WHAT TO PRODUCE: Beginning at the line that holds "Montreal Canadiens® Home" and continuing to the last line of the data below, transcribe every line word for word, without pictures.

SOURCE DATA:
━━━━━━

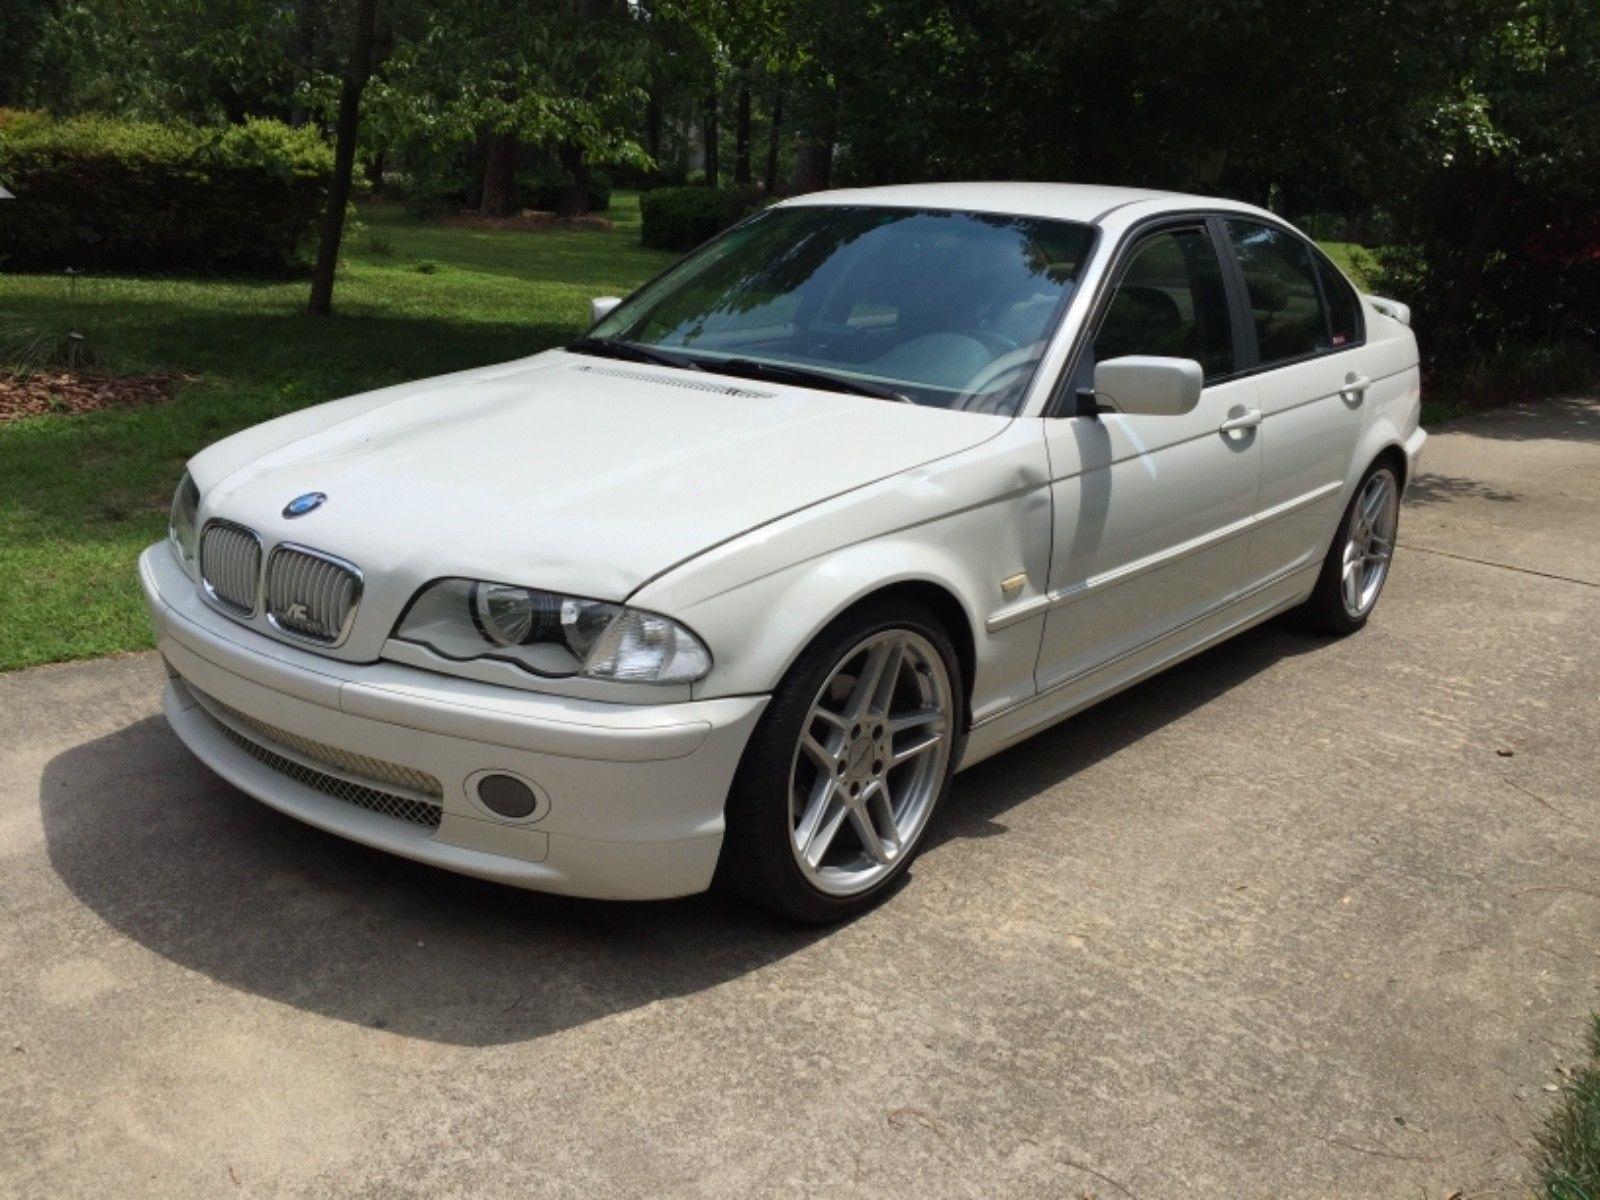 For 2001-2006 BMW 325Ci HVAC Blower Motor Regulator Behr 84235YX 2003 2005 2002
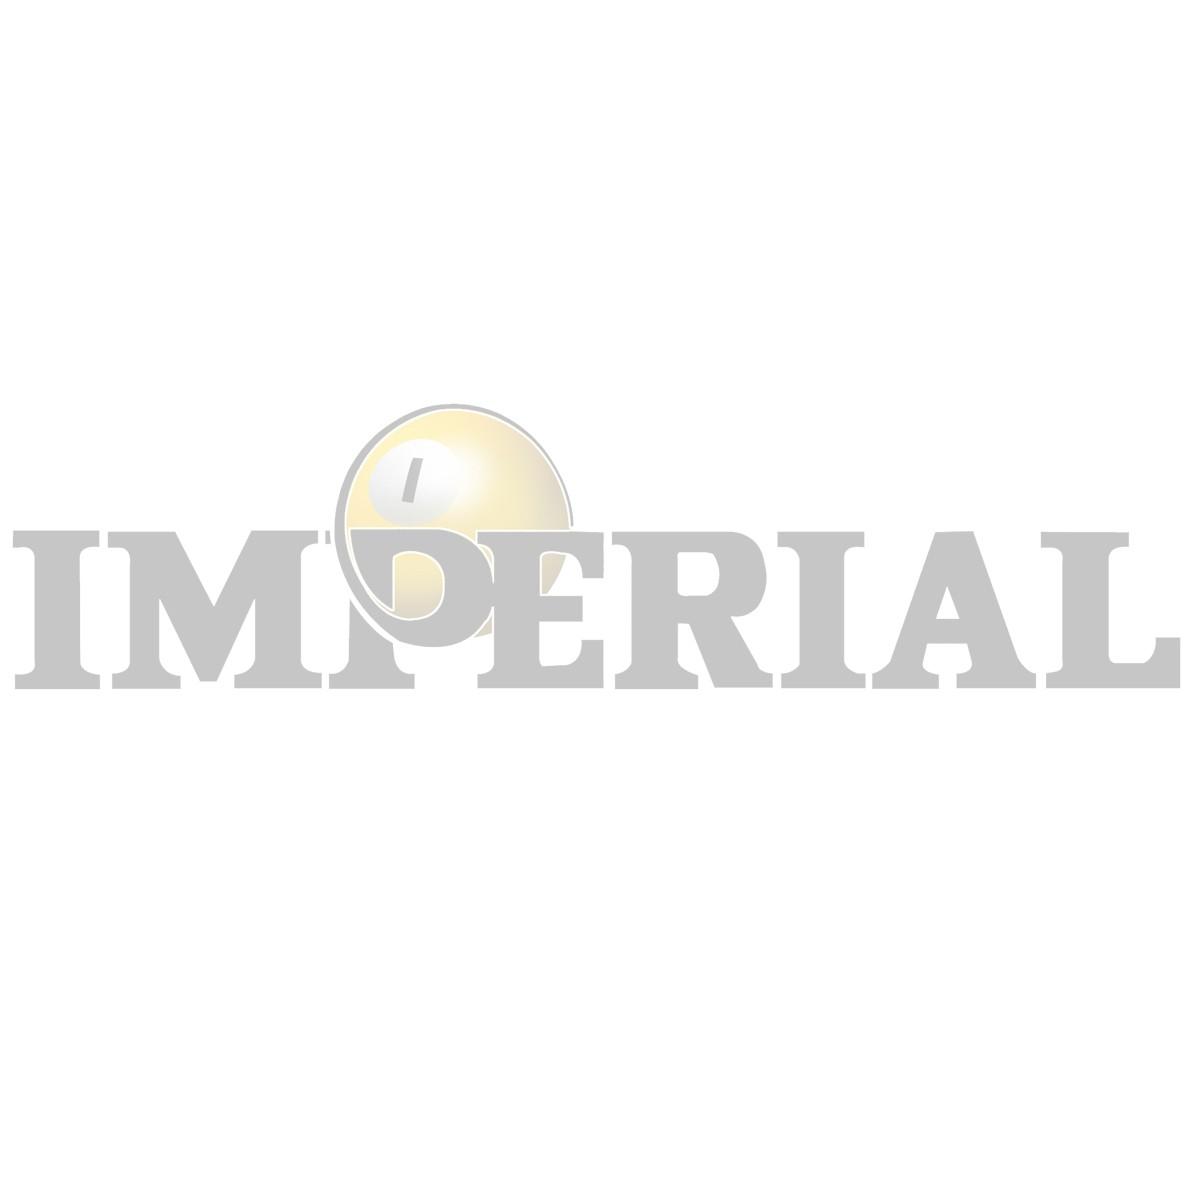 Montreal Canadiens® Home vs. Away Billiard Ball Set
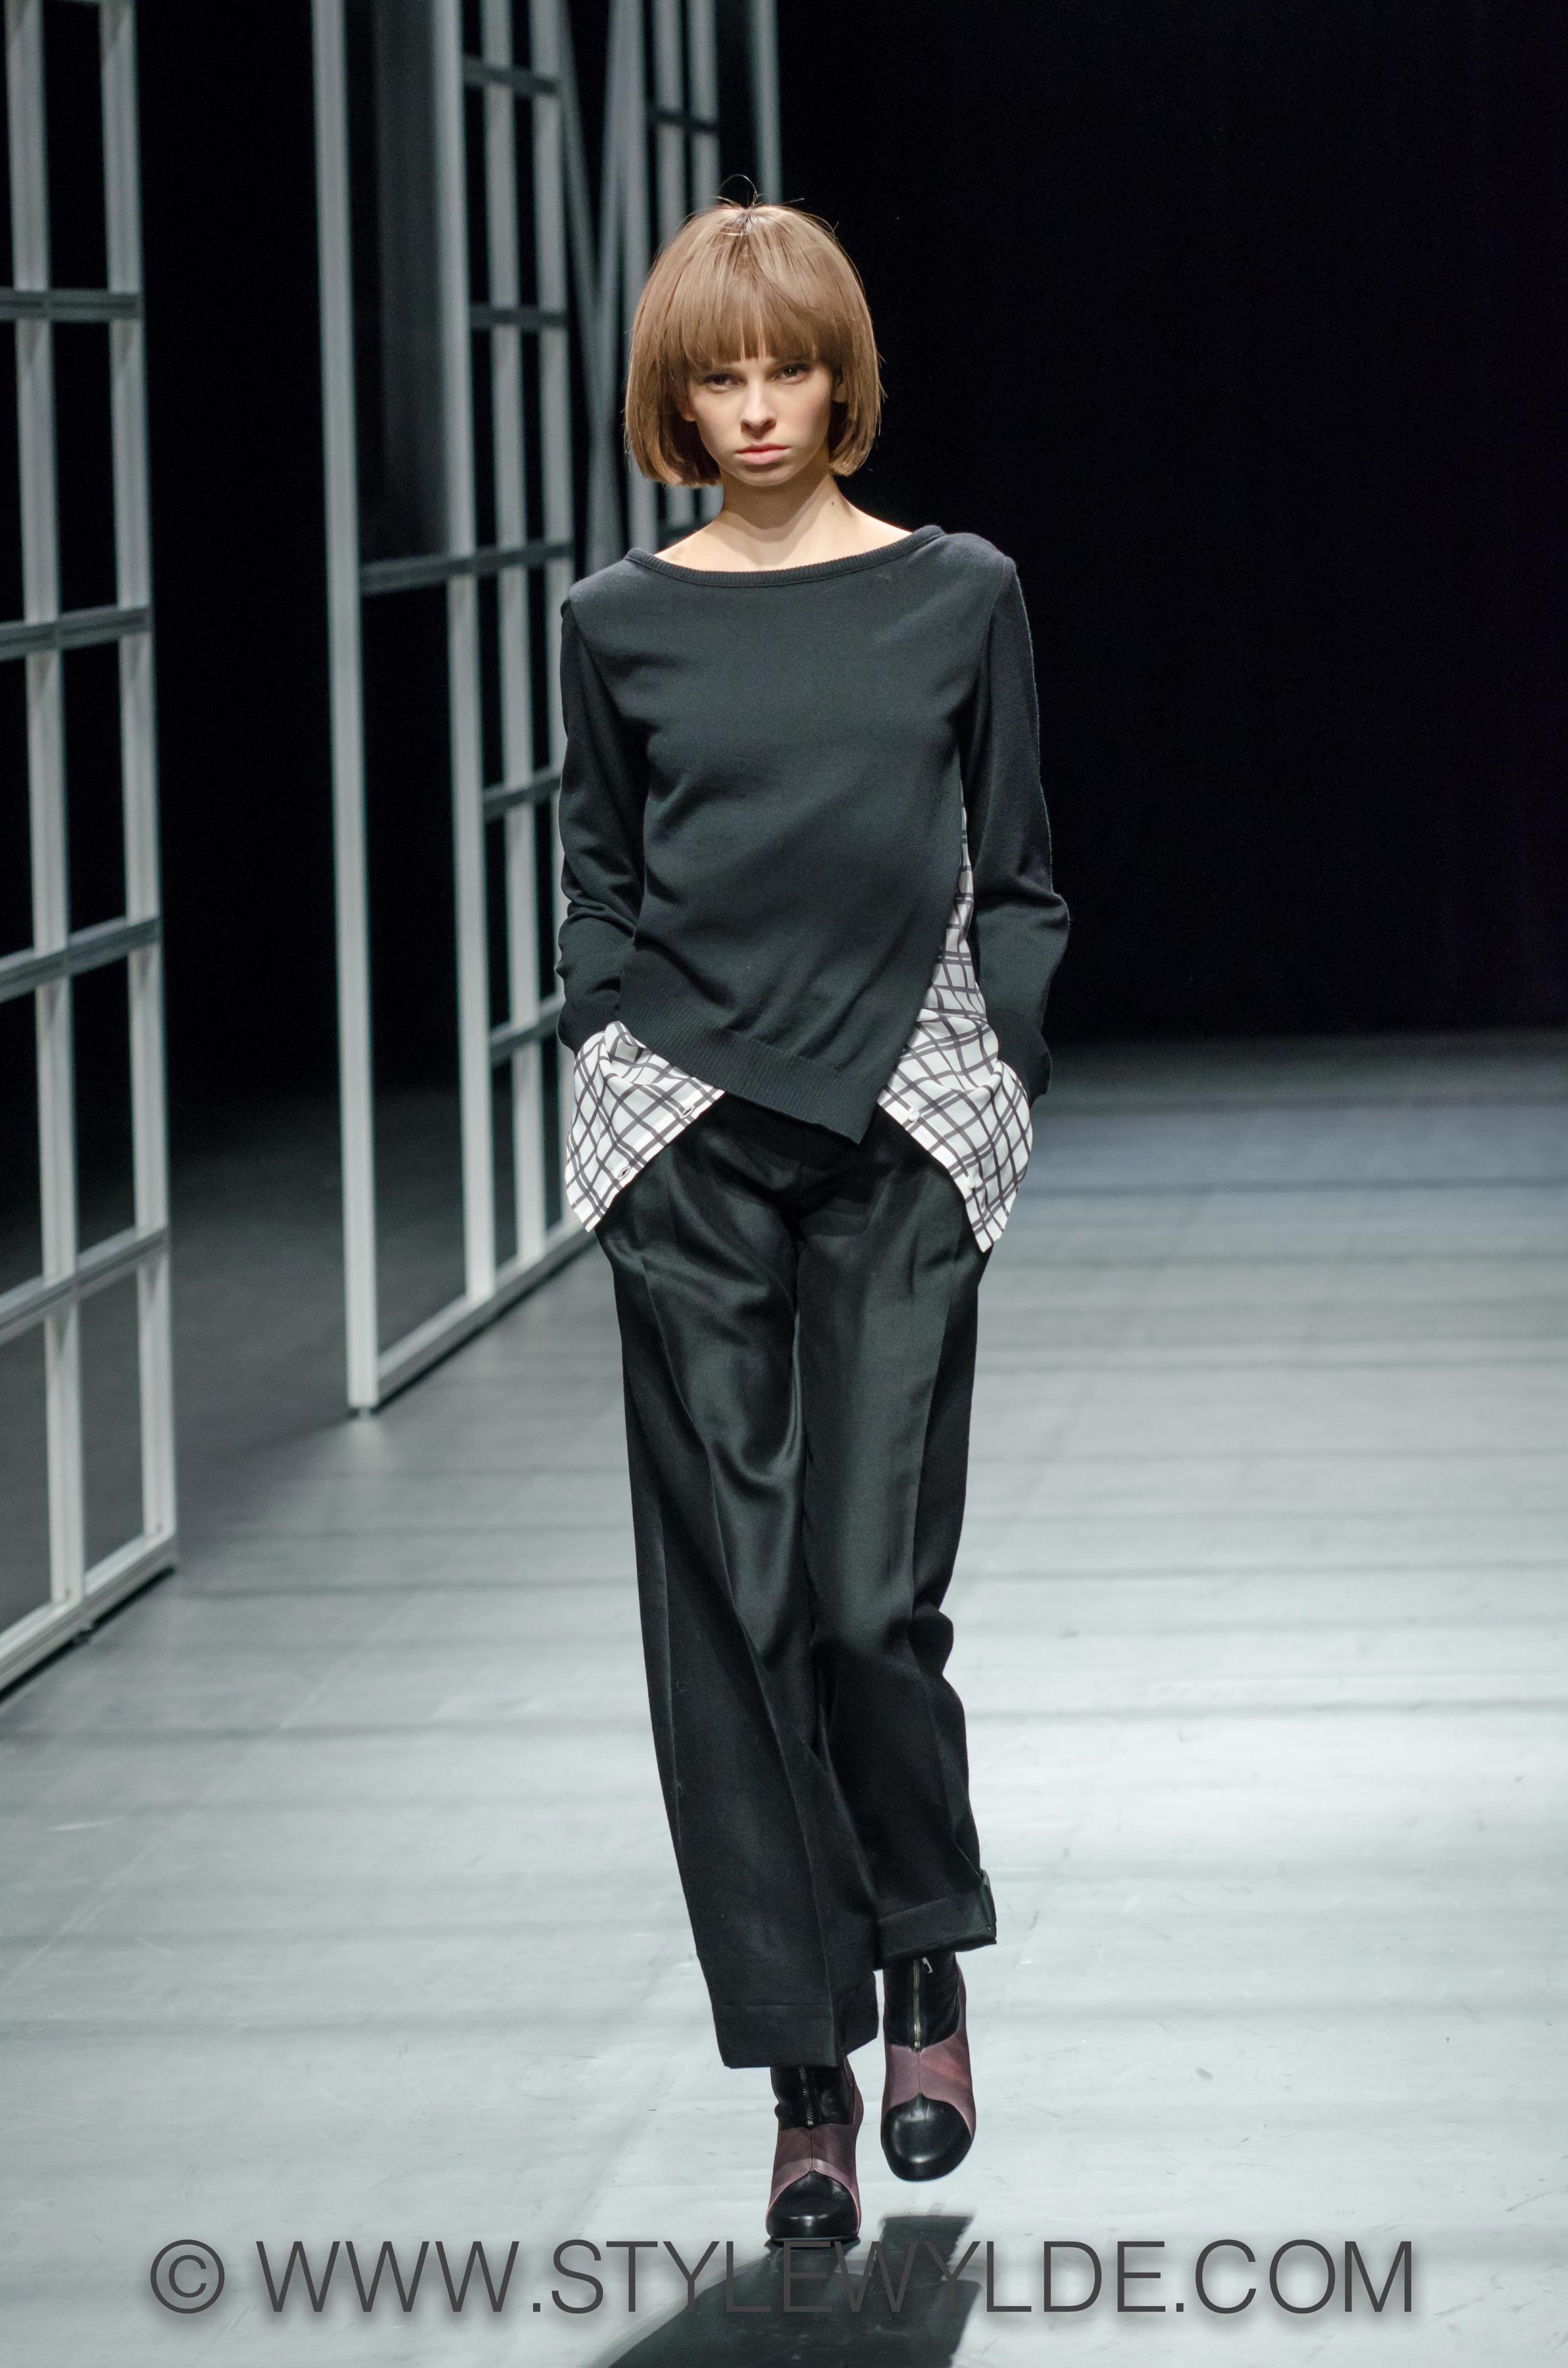 StyleWylde_YasutoshiEzumi_AW14_story (1 of 1)-23.jpg

━━━━━━

THE ANSWER:
 Montreal Canadiens® Home vs. Away Billiard Ball Set
 StyleWylde_YasutoshiEzumi_AW14_story (1 of 1)-23.jpg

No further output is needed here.